Parallels Desktop for Chromebook Enterprise

Parallels Desktop for Chromebook Enterprise

Wineとは異なり、Chromebook上で仮想PCを立ち上げられるのが「Parallels Desktop for Chromebook Enterprise」です。

Parallels Desktop for Chromebook Enterprise

「Parallels Desktop for Chromebook Enterprise」は仮想PCなので、基本的には全てのWindowsソフトウェアが利用可能です。

ただし、名称にある通り、利用するにはChromebook Enterpriseの利用が必須となるため、個人用途では利用できません。

Virtualboxは利用できない

Chrome OS版のVirtualboxは存在しないため、ChromebookでVirtualboxを利用する場合、Linux環境にインストールすることになります。

しかし、ChromebookのLinux環境(crositini)自体が仮想マシンなので、ChromebookのLinux環境にVirtualboxをインストールすることはできても、仮想マシンを起動することができません。

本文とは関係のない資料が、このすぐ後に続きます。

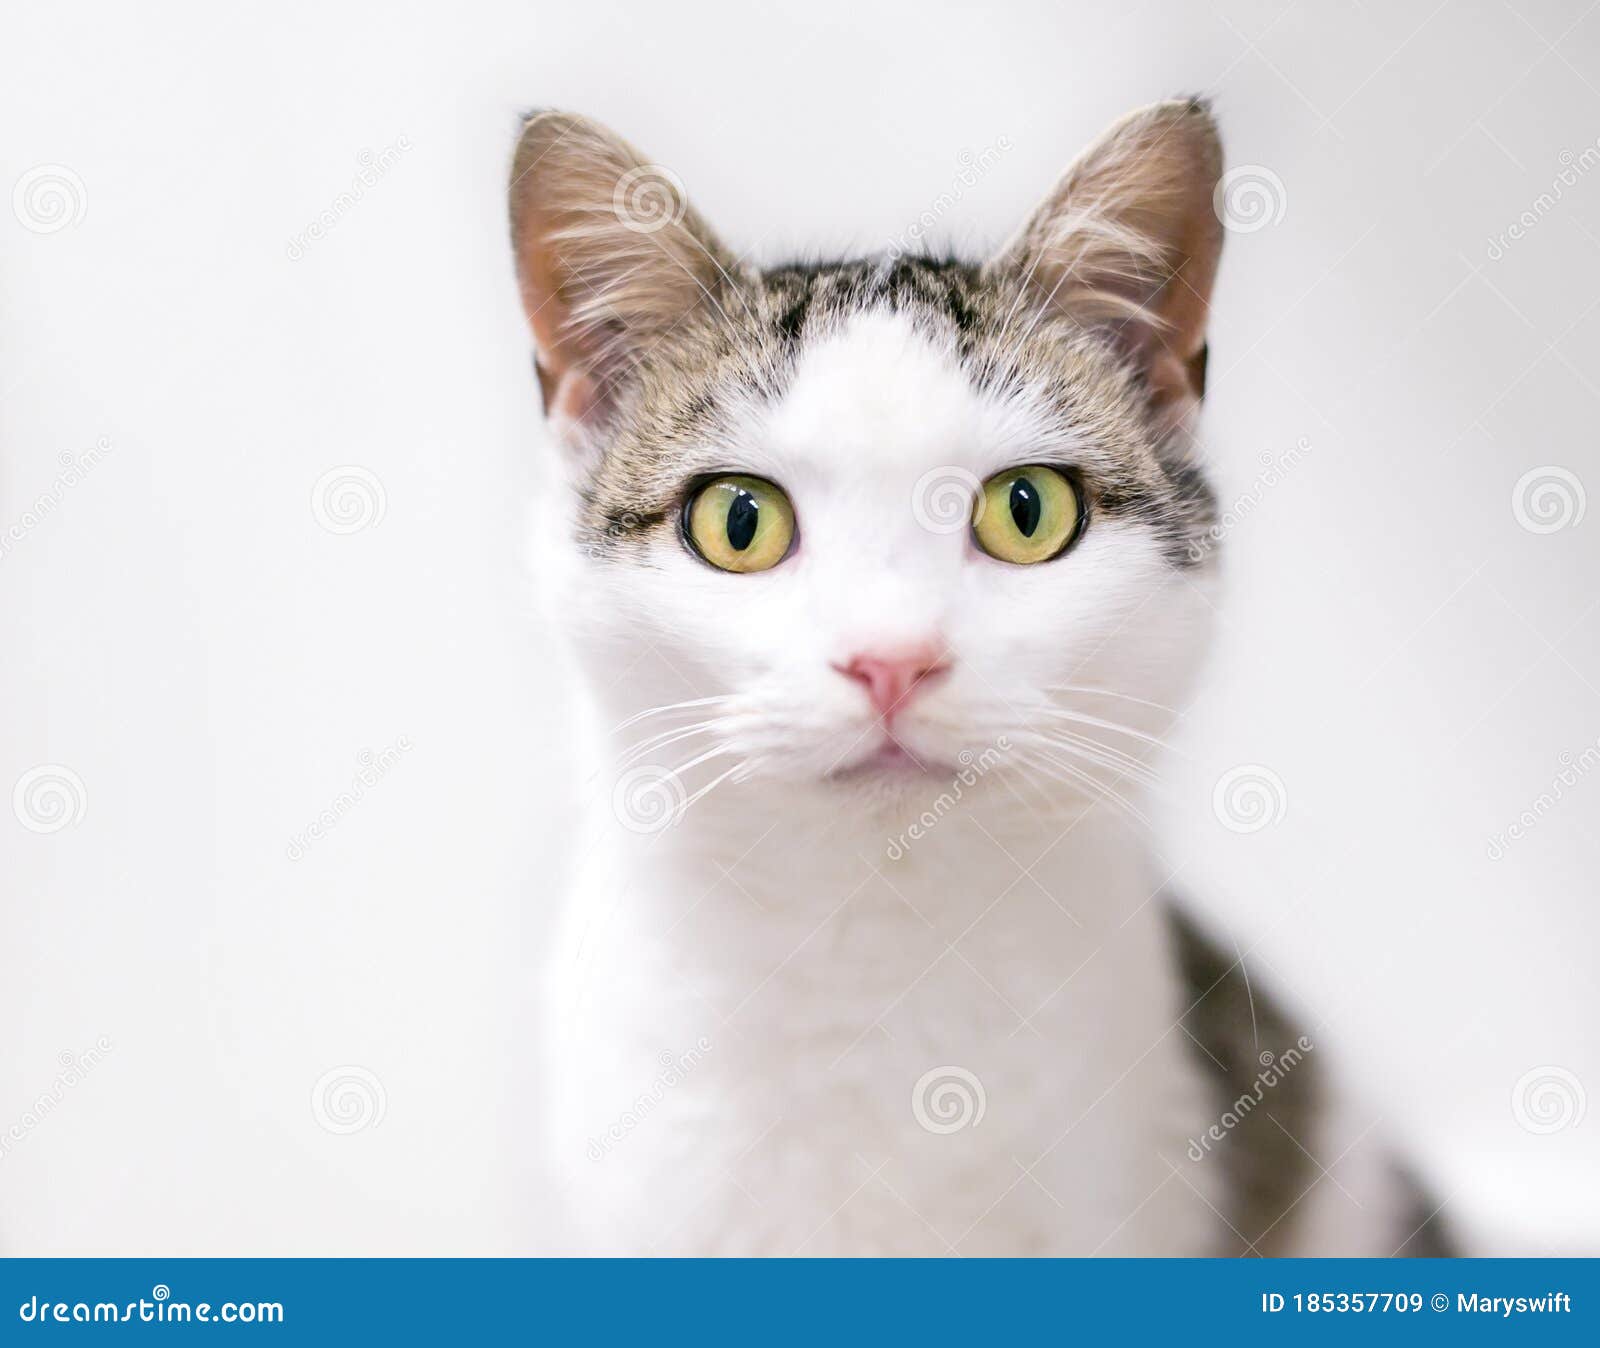 A Young Domestic Shorthair Cat with Tabby and White Markings Stock Image -  Image of kitty, housecat: 185357709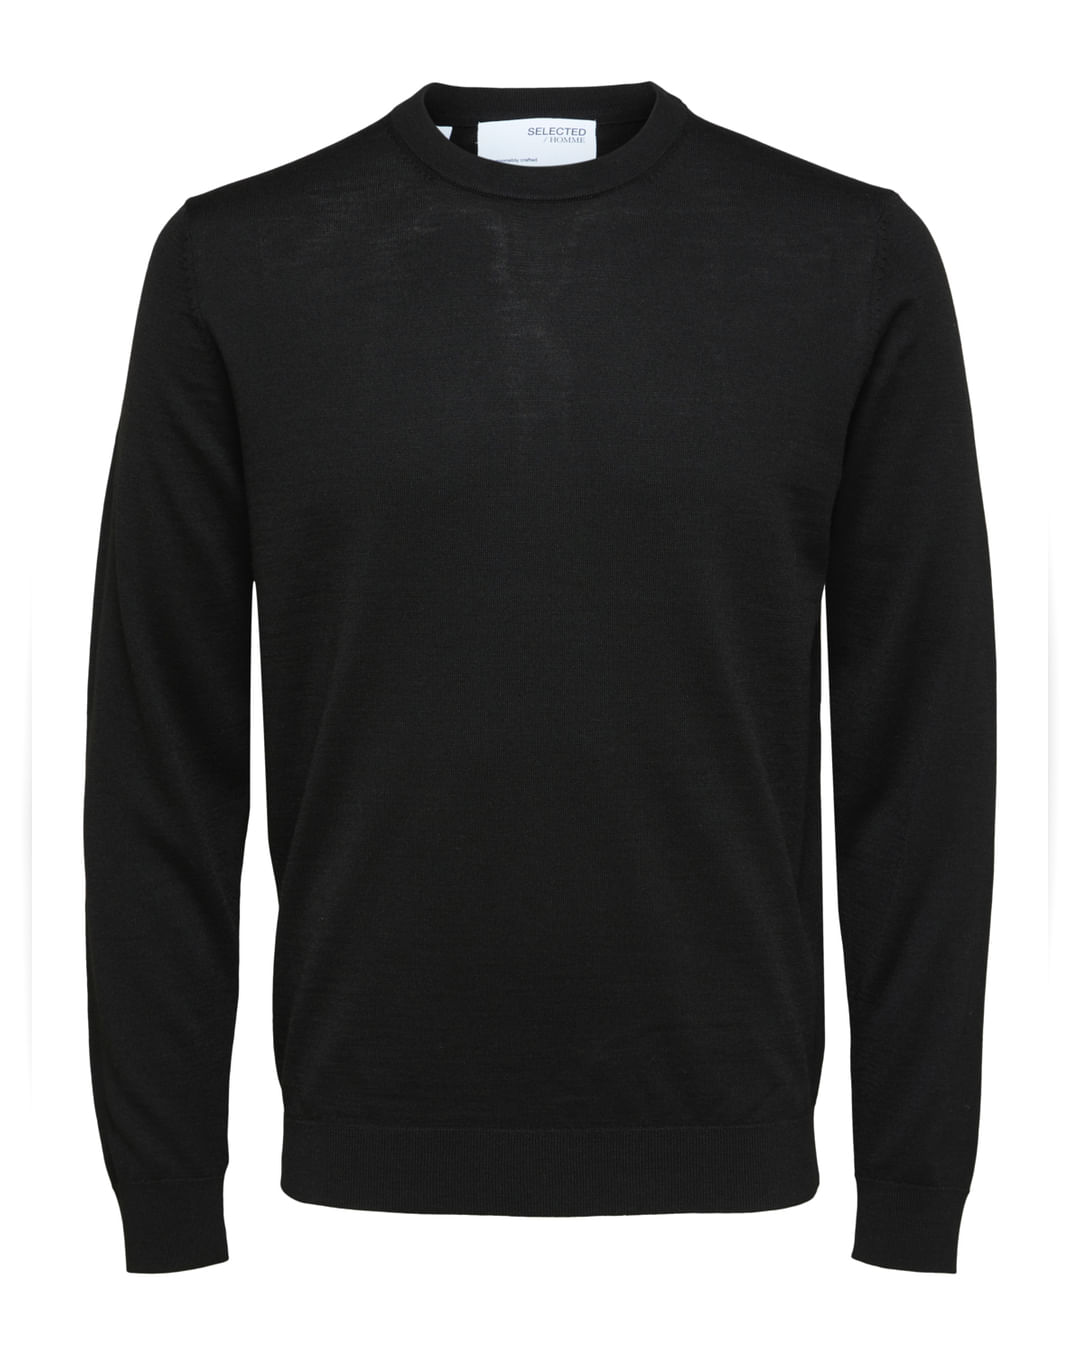 Buy Black Crew Neck Pullover Online at SELECTED HOMME

ソフトウェア エミュレート方法 対応Windowsソフト
Wine 互換レイヤー 一部
Parallels Desktop for Chromebook Enterprise 仮想マシン ほぼ全て
Virtualbox (利用不可) 仮想マシン ほぼ全て

Windowsエミュレータが使えないなら、リモートデスクトップも検討しよう

Chromebookは、macOSやLinuxと違って、Windowsエミュレータ環境が整っているとは言えない状況なため、どうしてもWindowsソフトウェアが必要なのであれば、リモートデスクトップで、Chromebookから物理Windowsマシンへアクセスするのも手です。

最近では、型落ちのWindows PCが2、3万円で購入できるようになってきているので、自宅やオフィスのデスクにWindowsマシンを置きっ放し・起動しっぱなしにして、Chromebookから操作するというのも現実的な選択肢と言えます。